At operation 13, the loudness is presented (as a computer graphic or animation) to a display. In some aspects, the loudness is presented as a line or bar, such as, for example, those shown in the meter of
It should be understood that the method 10 can be repeated for one or more additional audio signals. For example, a sound scene of an object-based audio work can include an airplane flying overhead, a dog barking to the right, and a person speaking in front of the listener position. In a multi-speaker format, the different audio signals can represent different speaker channels. Regardless of audio format, each audio signal can be associated with a different playback location. Thus, the method can be repeated for each of the one or more additional audio signals at respective playback locations, relative to the listener position (and/or other listener positions) in the listening area. A position of a sound source or listener can include its location (e.g., in 2D or 3D coordinates) and orientation (e.g., spherical coordinates).
For example, with a surround sound speaker format (e.g., 5.1, 7.2, etc.), optimal speaker locations for a right speaker 20, a center speaker 22, a left speaker 24, a sub-woofer 24, a right surround speaker 28, and a left surround speaker 26 are known or pre-defined. Amplification (e.g., gain values) of each audio channel that drives respective speakers can be defined for an optimal listening position (e.g., listening position 34). Other listening positions (e.g., 38 and 36) would then be subject to speaker output that has been tailored to position 34, and thus, they would be less than optimal. For example, position 38 is closer to right speaker 20 and further from left surround speaker 26, relative to position 34. Thus, the right speaker 20 may sound stronger, and the left surround speaker 26 may sound weaker, for position 38 than for position 34. A meter 32 can be presented to a content producer on a display 30. The meter can show loudness at one of the listening positions. In some embodiments, a plurality of meters can be presented on the display, each meter showing a loudness of one of the listening positions. For example, a first meter can show loudness measured at position 34, a second meter can show loudness measured at position 36, and a third meter can show loudness measured at position 38. A content producer can analyze loudness levels of each speaker for multiple listening positions and adjust the levels accordingly. Loudness of each channel can be balanced for one or more listening positions.
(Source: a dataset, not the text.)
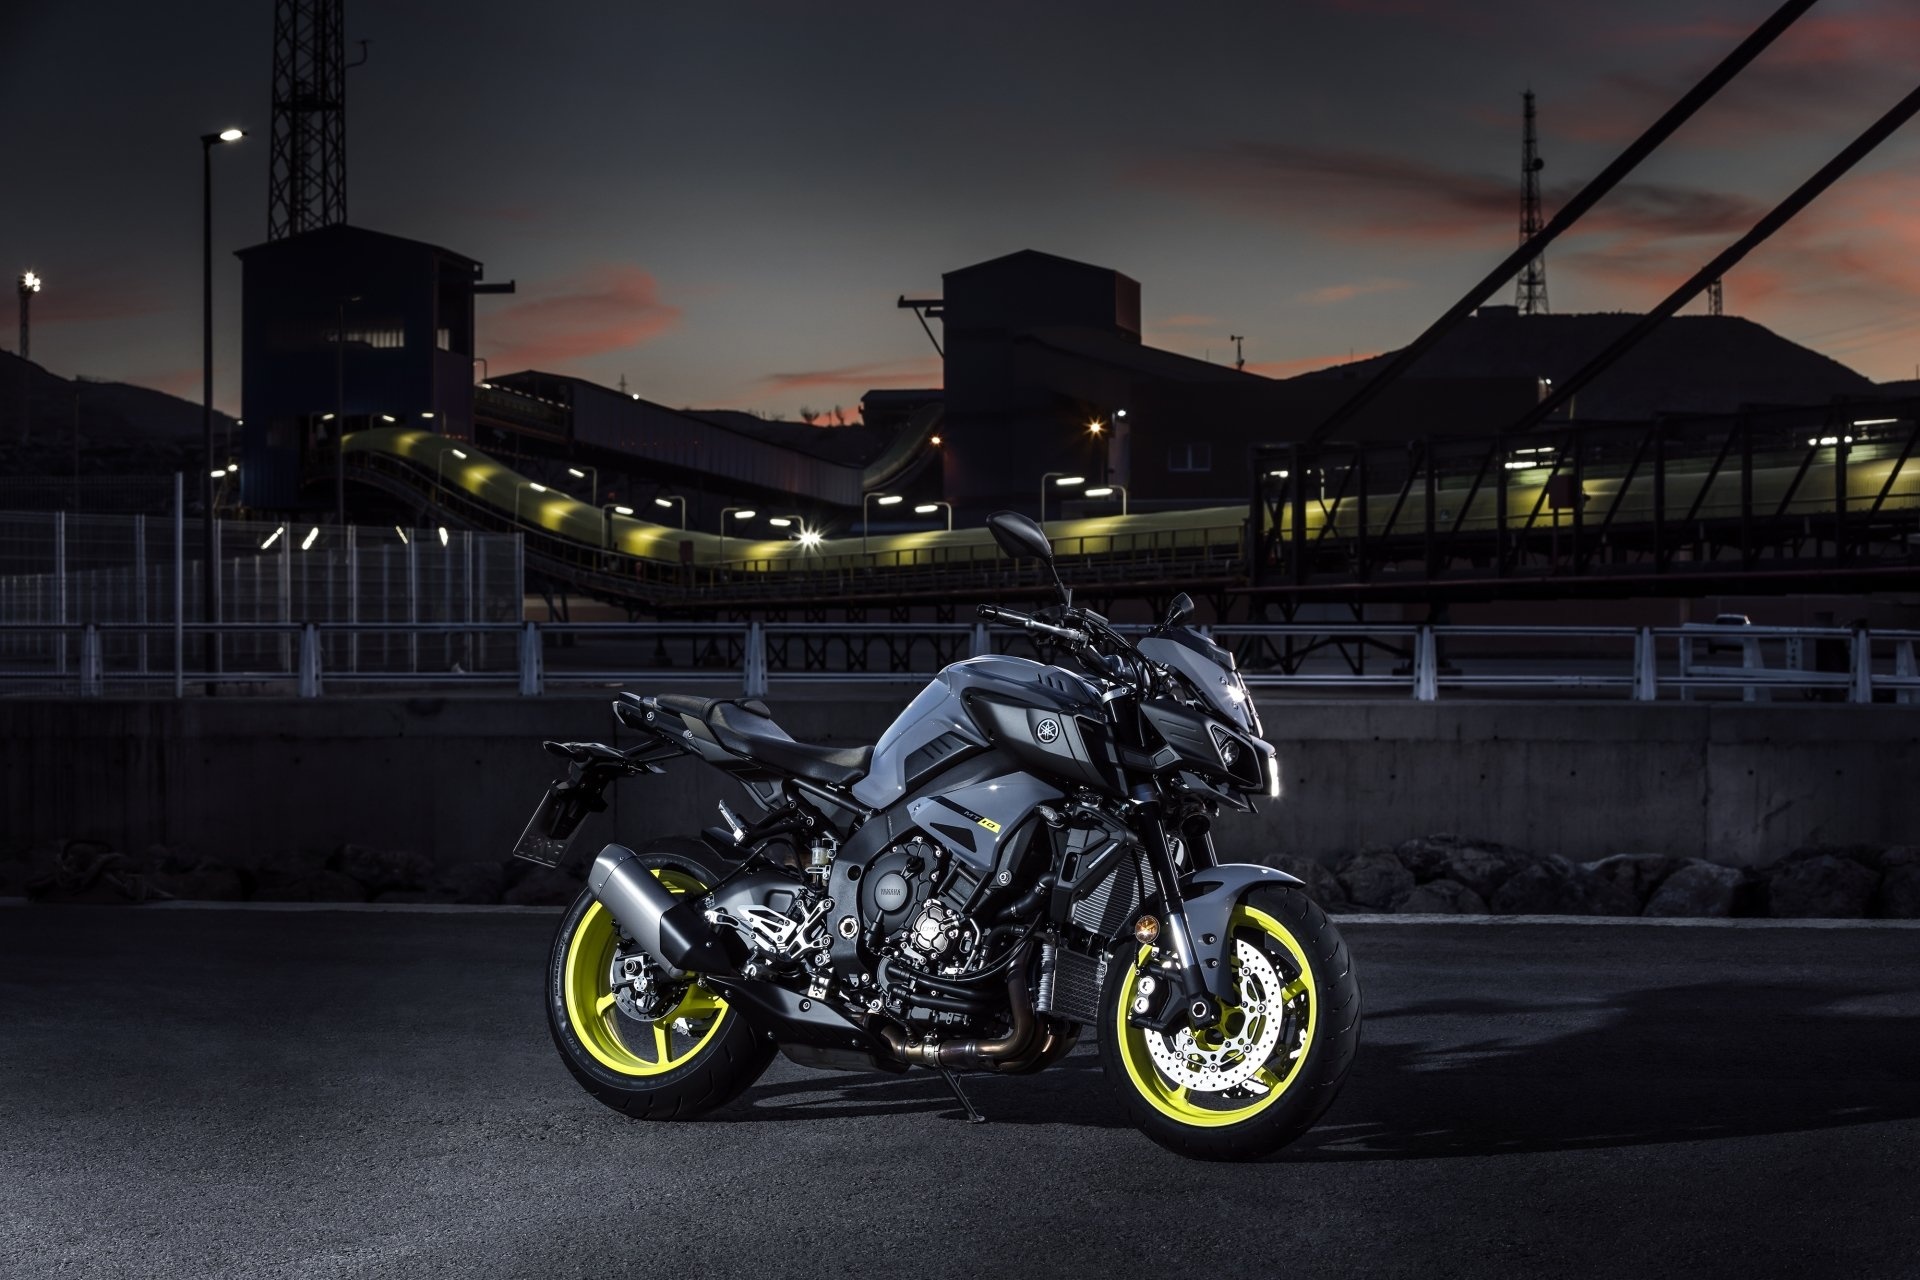 Yamaha MT-10, High-definition wallpapers, Eye-catching designs, Engineering excellence, 1920x1280 HD Desktop

In some aspects, a zone 33 can be defined around the listening position. The zone can be a circle, square, triangle, or irregular shape. The minimum loudness can represent a listening position in this zone where the sound source is the weakest. The maximum loudness can represent a listening position in this zone where the sound source is the strongest (e.g., loudest). In some examples, the audio meter may adjust the listening position, the second listening position and/or the third listening position in response to a change in a level of the playback of the audio signal. For example, the audio meter may be part of a user interface that receives user input that increases or decreases a level of the playback of the audio signal. The second listening position and/or the third listening position may automatically adjust in response to the change in level. For example, if the level increases, the second and third position may move farther away from the sound source 34. Similarly, if the level is decreased, the second and third position may move closer to the sound source 34. More generally, the audio meter may determine a one or more loudnesses as they would be perceived at various different listening positions and display these loudnesses simultaneously. For example, the audio meter may obtain user input that specifies a plurality of different listening positions in a given listening area. The audio meter may simulate the playback of the audio signal at each of the different listening positions, and present each of the loudnesses to the display. Further, the audio meter may obtain user input that adjusts any of the listening positions. In response to the user input, the audio meter may adjust the loudness according to the adjusted listening position. Further, the audio meter may obtain user input that adjusts a level of the signal. In response to the user input, the audio meter may adjust any or all of the listening positions according to the adjusted level of the signal, as discussed. Further, the audio meter may determine a range (e.g., a maximum and minimum loudness and corresponding listening positions) for each of the listening positions. As such, a user may audition and compare different listening positions using the audio meter with respect to a given audio signal. The audio meter may dynamically adjust one or more listening positions or loudness thereof, based on a level of the audio signal or frequency content of the audio signal.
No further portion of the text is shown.